神宅院
【しんたくいん】

旧国名:紀伊
(古代)平安期に見える院名。名草(なぐさ)郡のうち。神宅郡・神宅新荘とも称した。「かんやけいん」と読んだ可能性もあり,詳細は不明。大治2年8月17日の紀伊国在庁官人等解案(林文書/県史古代1)に「神宅院郡司介紀〈在判〉」とあるのが初見で,郡許院司・三上野院司や在庁,官人などとともに署名を加えている。本文書に引く日前・国懸両社の社司神人等解状によると,両社の封戸は年来未進が続き神事にも支障をきたすようになった。傍例によれば神社仏寺の封戸は公田をもって便補されるのが通例となっているから,両社の封戸121烟の代として岡前村内24町・和太南村内30町・安原村内15町・岡田下村内10町の4か村,計79町の常荒田を便補してほしいと申請した。申請を認めてもらうために社司等は,これらの荒野は塩入地で年来開作が不能で,公私ともに益のないところで,塩州を防ぐには40余町の築堤工事を必要とし,膨大な労働力を要するため,四至を決めて国使の入勘を停止してくれるなら開発に微力を尽くしたいとした。これに対し紀伊国司は申請の旨に任せて立券することを在庁官人・郡司等に命じたが,これに対して立券したことを国司に報告したのが本文書である。これらの立券された常荒田79町の四至記載によれば,東は「安原牟礼岡并朝日寺東谷」とあり現在の和歌山市安原地区の朝日を中心とする一帯で,安原村内15町はこの付近にあったものと思われる。南は「蜂柄西崎并禰美山西崎砧川山峰」で,現在の海南市と和歌山市の境にある根美山付近に比定される。西は「同神領毛見内原東堺并海部境大江」で,現在の和歌山市毛見・内原から和歌川の河口部に比定され,和太南村内30町はこの東側の地域にあったものと思われる。北は「岡前四図三里卅三四五坪々南阡陌并和太南小手
(穂カ)尾南前六図二里十坪同十一十二坪々南阡陌」で,現在の和歌山市岡崎地区の西および森小手穂付近に比定され,岡前村内24町はこの付近にあったものと思われる。

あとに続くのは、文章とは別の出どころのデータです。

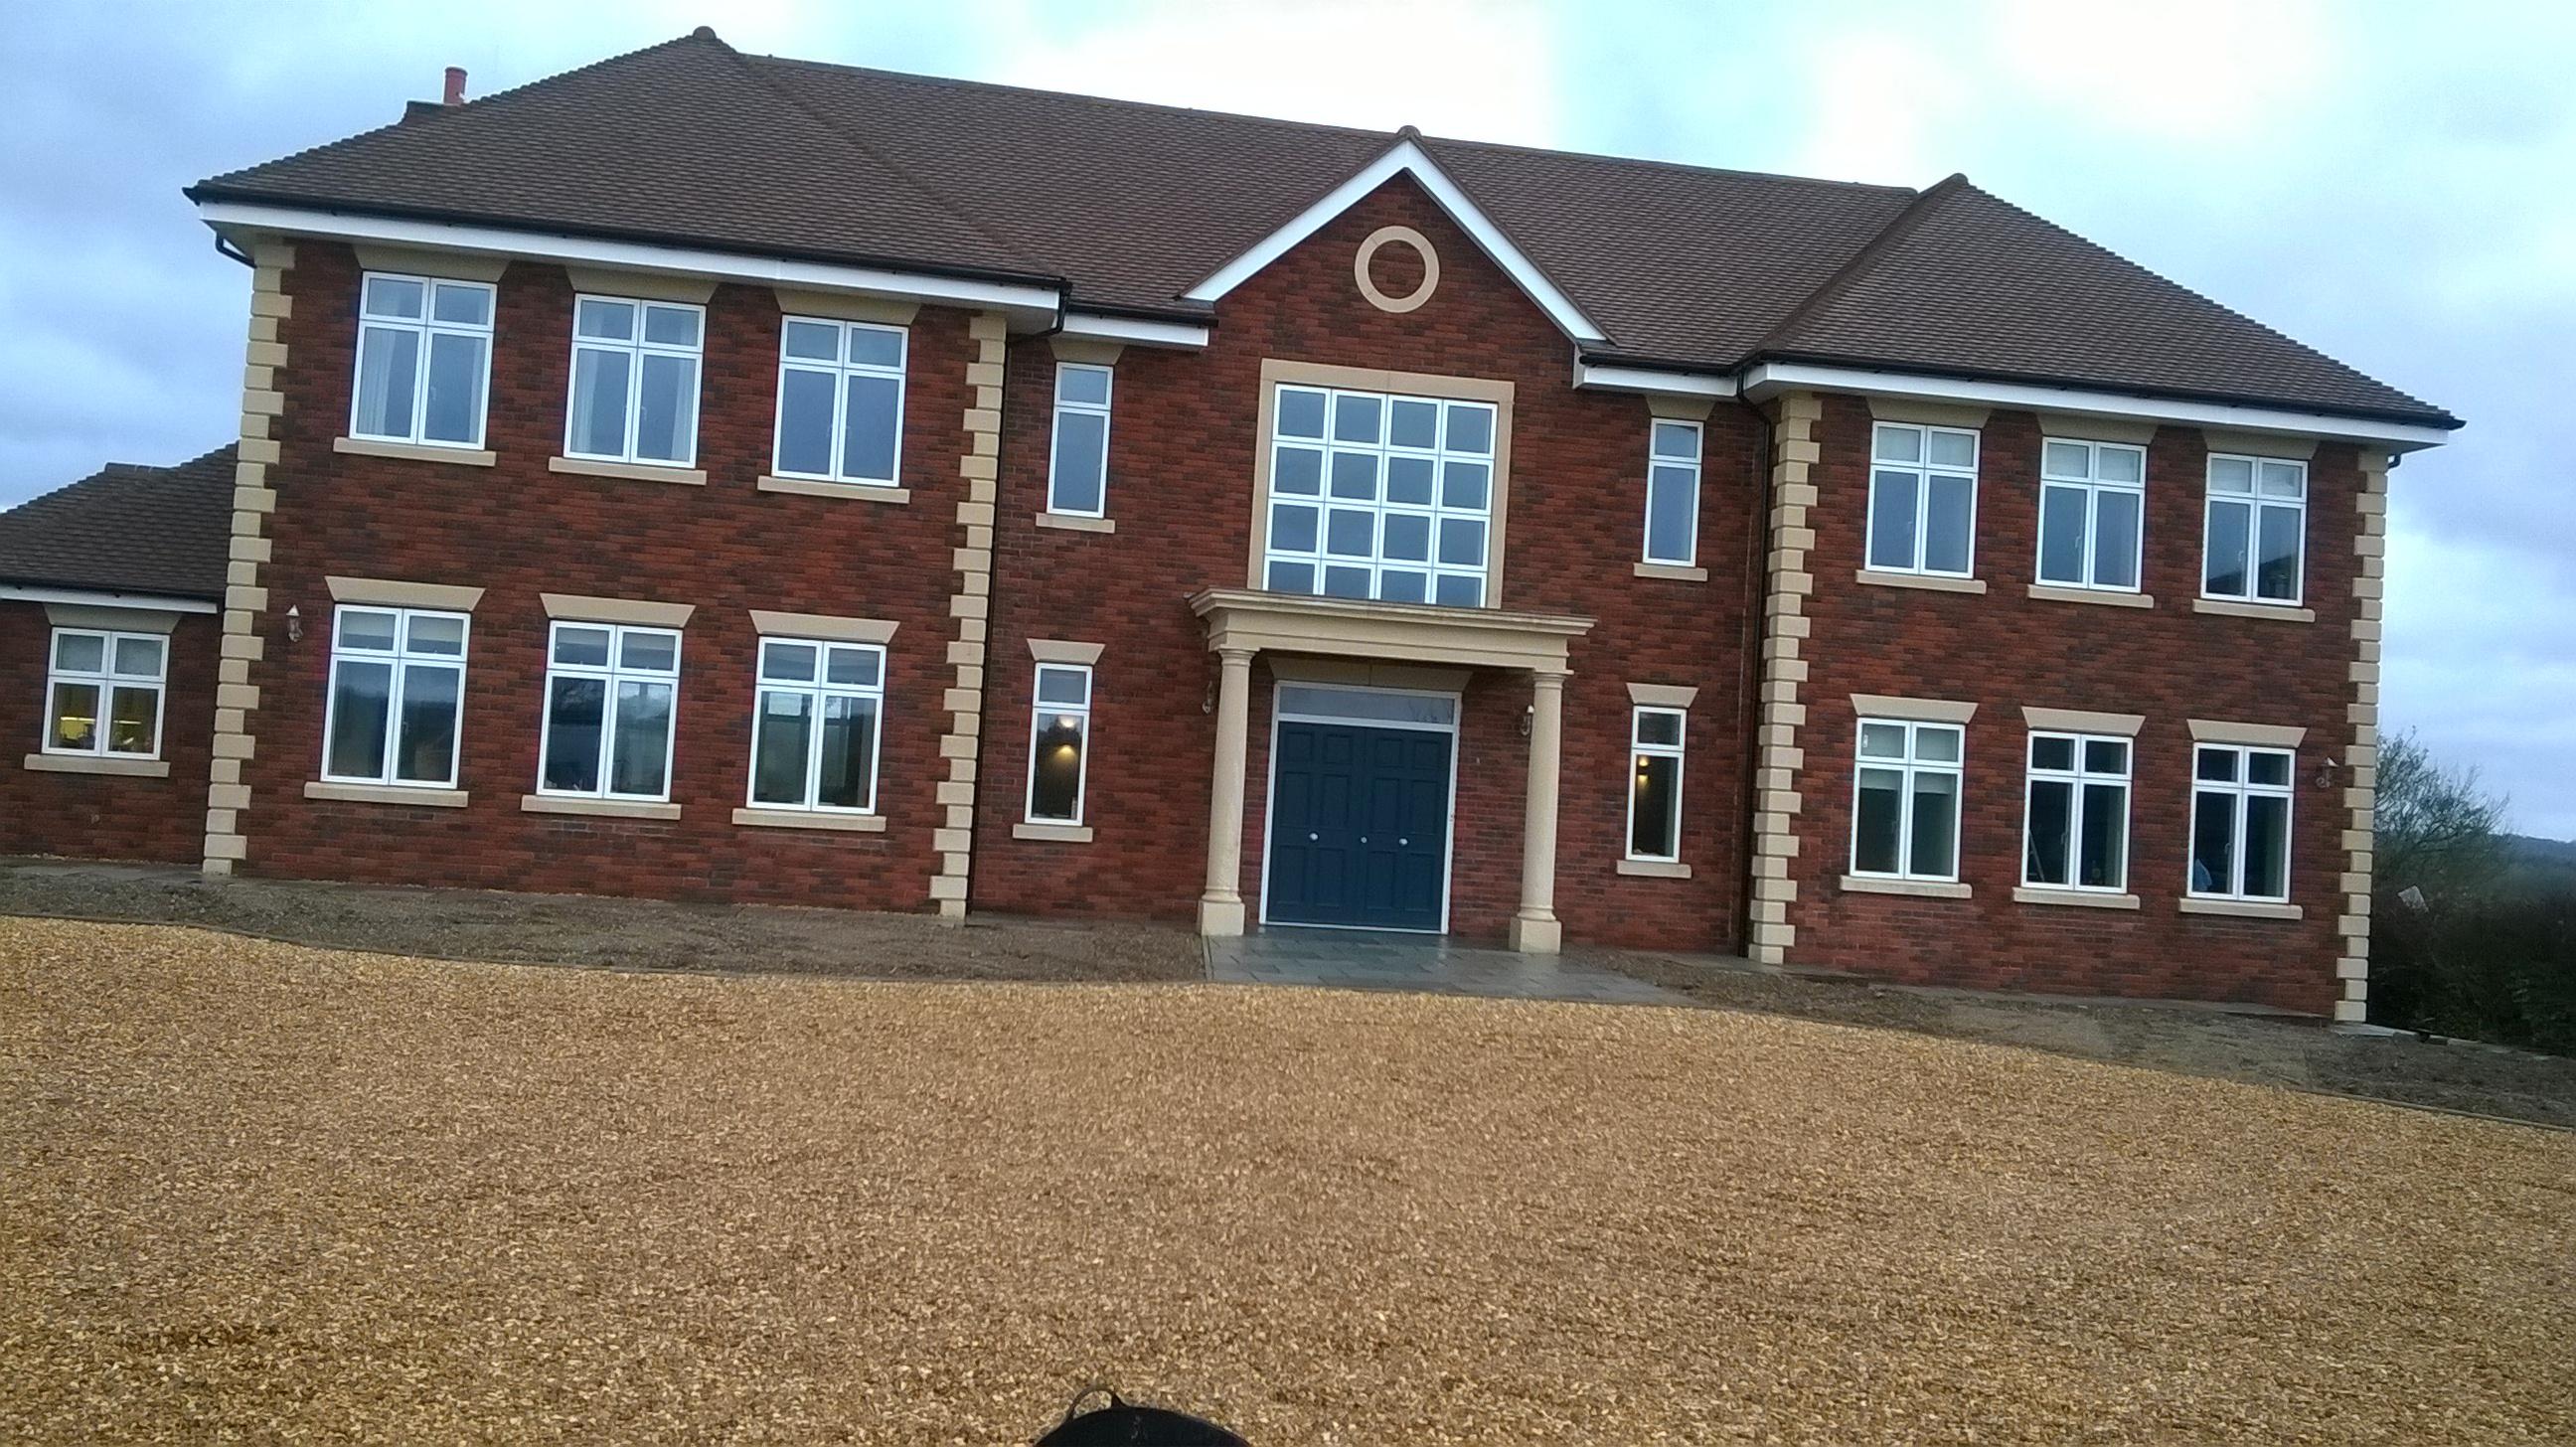 New property development

これらの地域の開発の進行状況については不明だが,大治6年12月26日の紀伊国造紀高経譲状案(日前宮古文書/和歌山市史4)には「謹辞 免除神宅院大田村田畠事」とあり,当院大田村田畠5町の所当雑事の免除に関して,大田村田畠83町は高経の先祖相伝の所領であり,神官職である紀良守に譲与する旨が記されており,大田村が紀国造家の所領となっていたことがわかる。また粉河寺重書写(粉河寺御池坊文書/県史中世1)に収められた久安2年4月29日の鳥羽院庁下文によれば,粉河寺領栗栖(くるす)荘との間で境相論が生じており,神領の有真・永沼両郷の東境が境界となっているが,そのうちに「神宅郡令一円為彼神領者」とあり,日前宮は神宅郡一円を神領としていたことが知られ,また当院は「神宅郡」とも称したことがわかる。さらに天養2年3月28日の紀伊国大伝法院陳状案(根来要書下/平遺2554)によれば,日前・国懸両社の神人が大伝法院領山東荘内に乱入し,種々の乱暴狼藉を働いたことが知られるが,それは両社が康治元年ごろに荘園公郷を問わず,往古の例に任せ本役神事を勤仕させる権利を認めた官符・宣旨を得て,山東荘に八講頭役を賦課したところ,山東荘の僧徒や荘民がこれを拒否し榊を抜いて荘外に捨てたことから起こった。これに対し,大伝法院は山東荘が官符により一切の役を免除されていると主張し,不法行為を訴えたのである。この相論は応保2年11月日の紀伊国大伝法院僧徒重解案(同前3234)にも見え,日前・国懸両社の所領拡大の動きが活発であったことがうかがえる。また本文書には「保延六年比,止散在諸郡之神領,相博社辺一□之便地,称神宅新庄,押籠百町公領」とあり,散在する神領と両社周辺の公領との相博がはかられ,「神宅新庄」とも称せられていたことが知られる。以上のことから,当院は本来国衙によって設定された公的な行政単位であったが,日前神戸,国懸神戸を基礎とする両社の一円神領化の動きの中で,平安後期には神領的性格を強めたものと思われる。現在の和歌山市秋月の日前・国懸神宮を中心とする一帯に比定される。